Accepted Abstracts: J Earth Sci Climate Change

DOI: 10.4172/2157-7617.S1.011

I ce is one of the most ubiquitous solids on Earth, being present in the atmosphere, terrestrial surface, and ocean environment. Many environmental reactions taking place in ice are significantly different compared to aqueous counterparts. We investigated some redox chemical reactions in ice, especially those which have environmental significance. First, we studied the reductive dissolution of iron oxides and manganese oxides trapped in ice and investigated their relevance to bioavailability. When iron or manganese oxides were trapped in ice, the release of metal ions (Fe 2+ , Fe 3+ , and Mn 2+ ) upon thawing was significantly accelerated. The enhanced dissolution of naturally occurring metal oxides in ice can serve as an efficient pathway for supplying bioavailable metal ions to organisms in the environment. We also studied the redox conversion of chromate and arsenite as model inorganic oxyanion contaminants in ice. The simultaneous redox transformation of chromate (Cr(VI)) and arsenite (As(III)) was greatly enhanced in ice both in the presence and absence of light. This characteristic phenomenon in ice described above is mainly ascribed to the so called ?freeze concentration effect?. When water begins to solidify to ice, organic/inorganic solutes, protons, and dissolved gases are excluded from the ice crystals and subsequently concentrated in the liquid-like grain boundary region. The highly concentrated substrates in ice grain boundaries can cause distinct outcomes that are markedly different from the aqueous counterparts. The environmental redox chemical reactions occurring in ice may have significant effects on the chemical transformation processes in the icy environment such as polar region, upper atmosphere, and frozen soil.

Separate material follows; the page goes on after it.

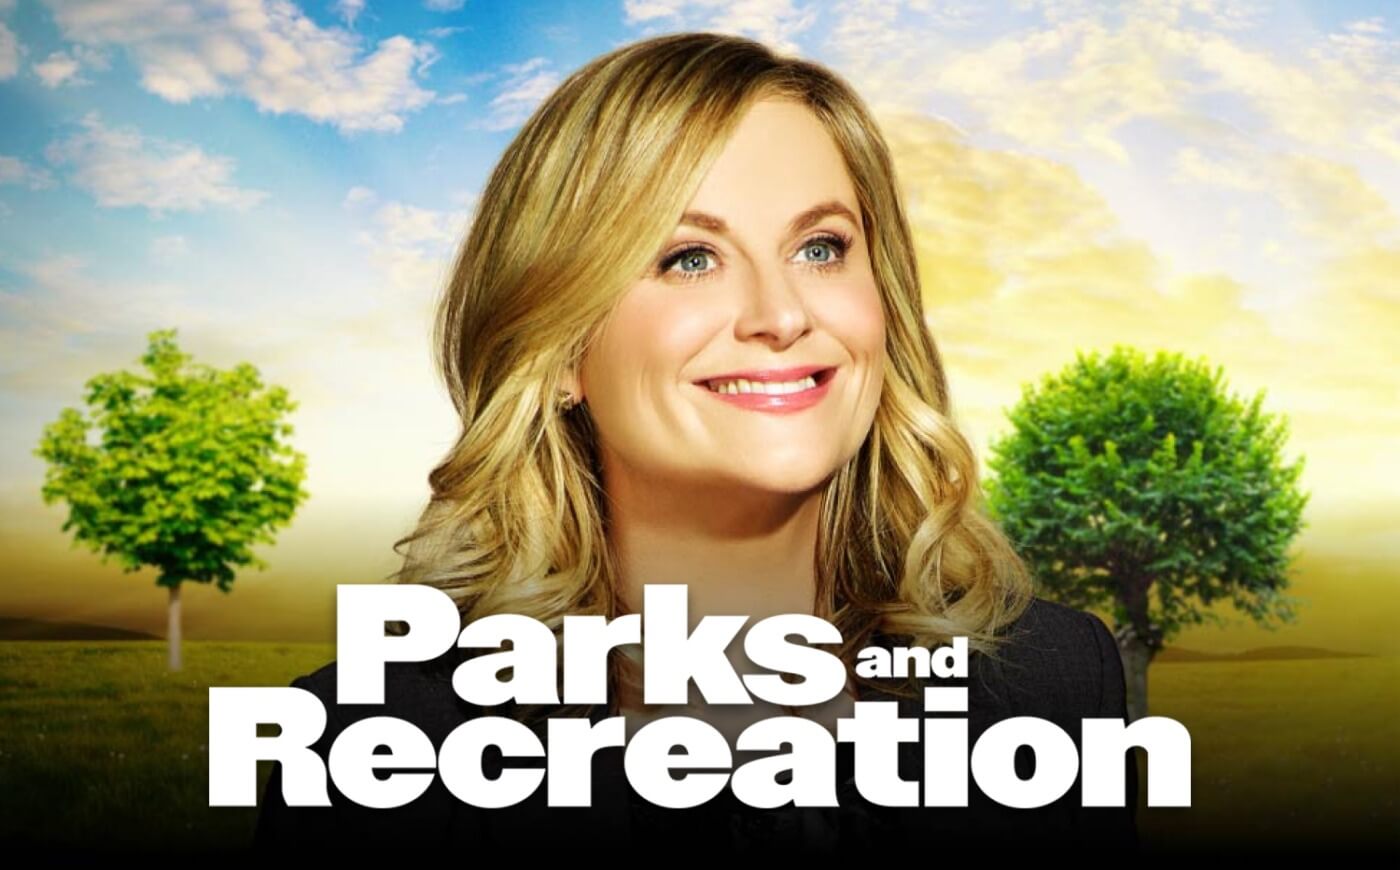 Home And OfficeParks and Recreation Swanson Pyramid of Greatness Poster - 18x24

Wonyong Choi received Ph.D. in Chemistry from CALTECH (Pasadena, USA) in 1996 and joined POSTECH in 1998 as an Assistant Professor and became a fulltime Professor in 2008. His main research interests are mainly focused on semiconductor photocatalysis, environmental (photo) chemistry, and environmental ice chemistry. Dr. Choi has published more than 180 articles which have been cited more than 16,000 times in scientific journals. He serves as an editor of Journal of Hazardous Materials (Elsevier: 2008-present) and has been in the advisory board of Journal of Physical Chemistry (ACS: 2009-2011) and Energy and Environmental Science (RSC: 2008-present).